Preset’s developers met and identified a number of pain points in the existing code base. Here they are, with a bit of color to make the meaning clear:
- Lack of separation of concerns
- There are a number of modules that have grown organically over time to truly massive size. Often these modules contain utility functions, classes of multiple types, and a broad array of other functionality. These modules are very hard to work with.
- Business logic is frequently intermixed with display logic, making code reuse more difficult.

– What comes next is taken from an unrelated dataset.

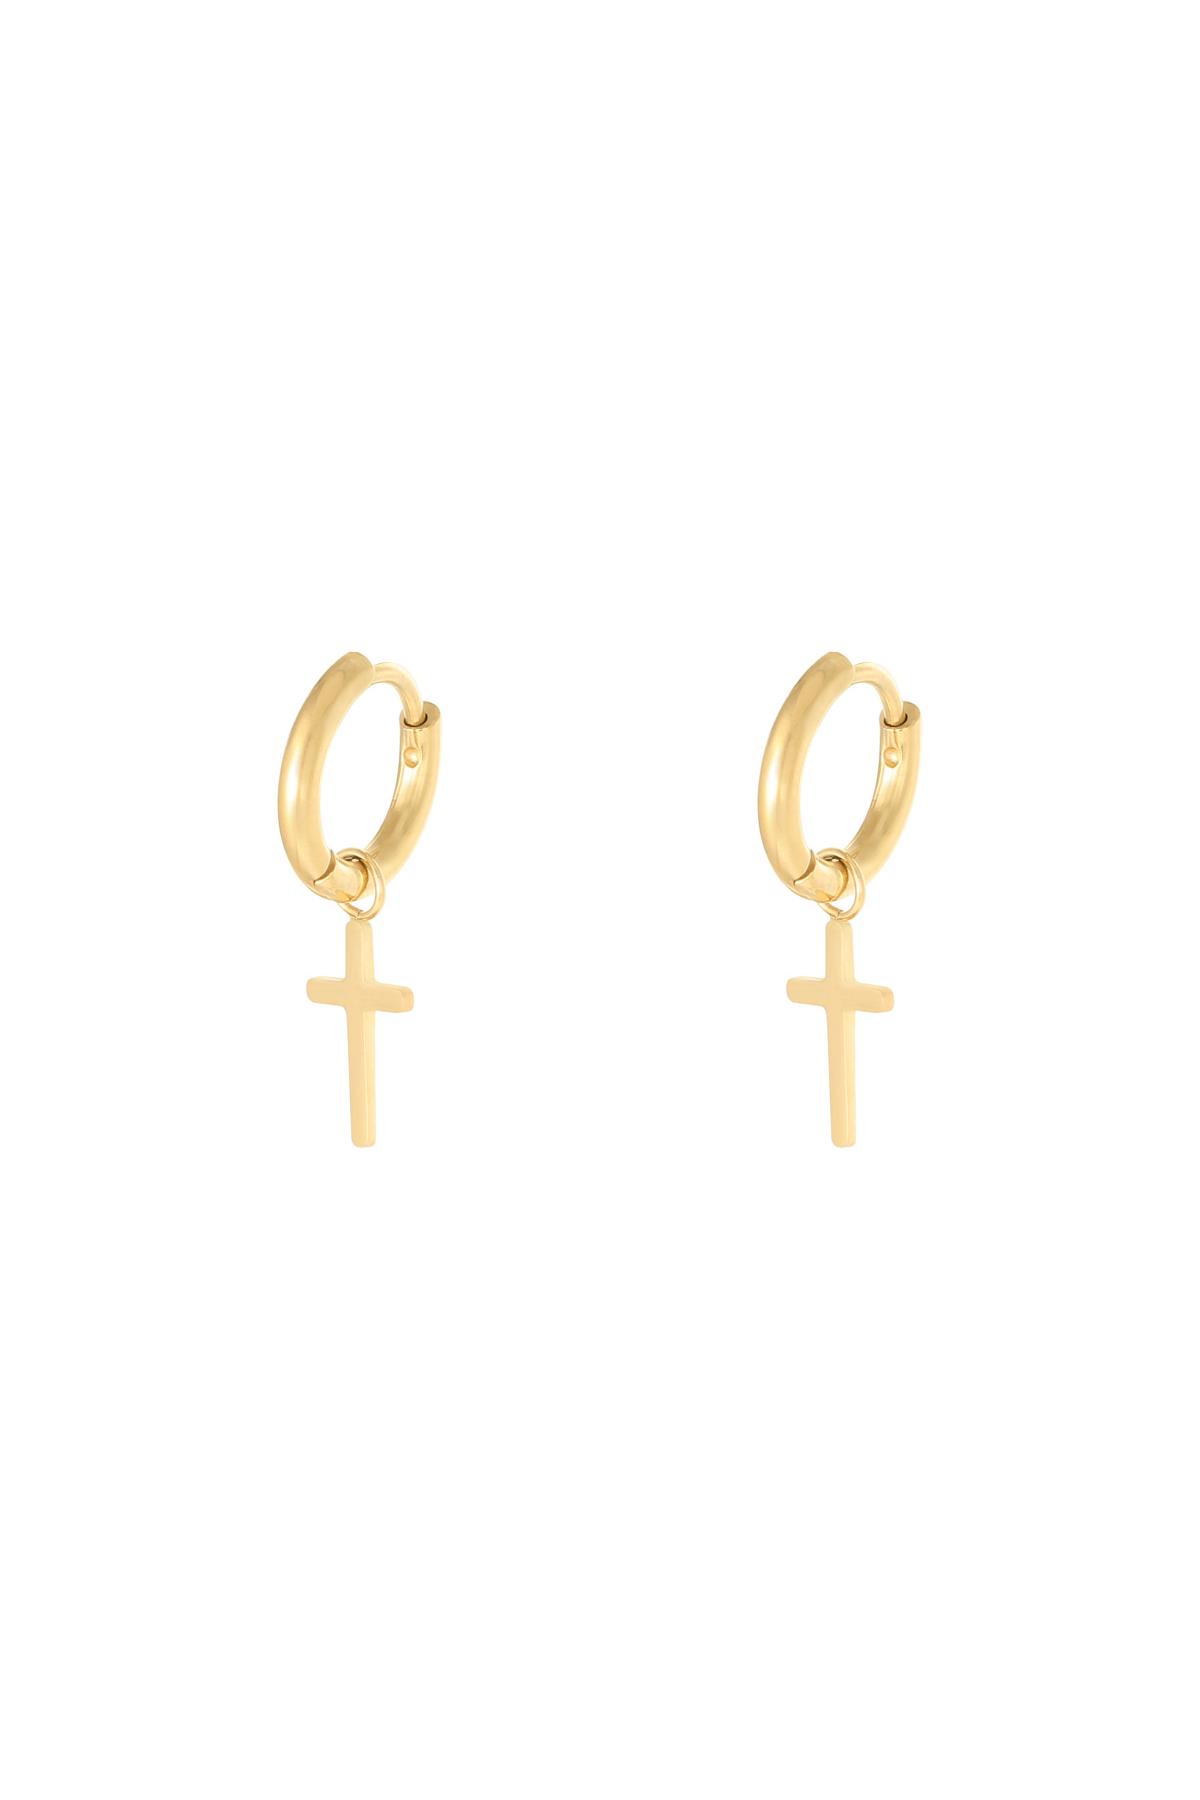 Earrings Faith Gold Stainless Steel h5

- The model layer contains a large amount of business logic which has nothing to do with data storage.
- Dependency Confusion
- Circular dependency issues crop up regularly with the existing module design
- Many modules have implicit dependencies on other modules which requires a specific load order
- Lack of Composability
- There’s a substantial amount of app-specific code in shared modules
- Views are currently loaded in all contexts, which makes light-weight command line usage (for example) impossible
- Deep Class Inheritance
- In some instances, particularly where there is pre-existing inheritance in Flask-AppBuilder, the inheritance chain can be over 10 classes deep. This can make understanding some classes very challenging.
Proposed Change
In order to address these concerns, we’d like to propose a few guiding principles for Python code structure going forward:
- Prefer small, functionally-homogeneous modules with only classes and pure functions in module scope
- Separate business logic from display logic
- Keep the view layer lightweight and delegate to business logic objects
- To support this work, we’d like to recommend a Command pattern - more on that below
- Prefer thin ORM objects
- To support this work, we’d like to recommend introducing Data Access Objects or DAOs to Superset to hold complicated query logic. More on that below.
- Keep
__init__.py
files empty- This will help cut down on implicit dependencies
- Prefer composition over inheritance
- Collaborator objects can be simpler to understand than a deeply-nested class hierarchy.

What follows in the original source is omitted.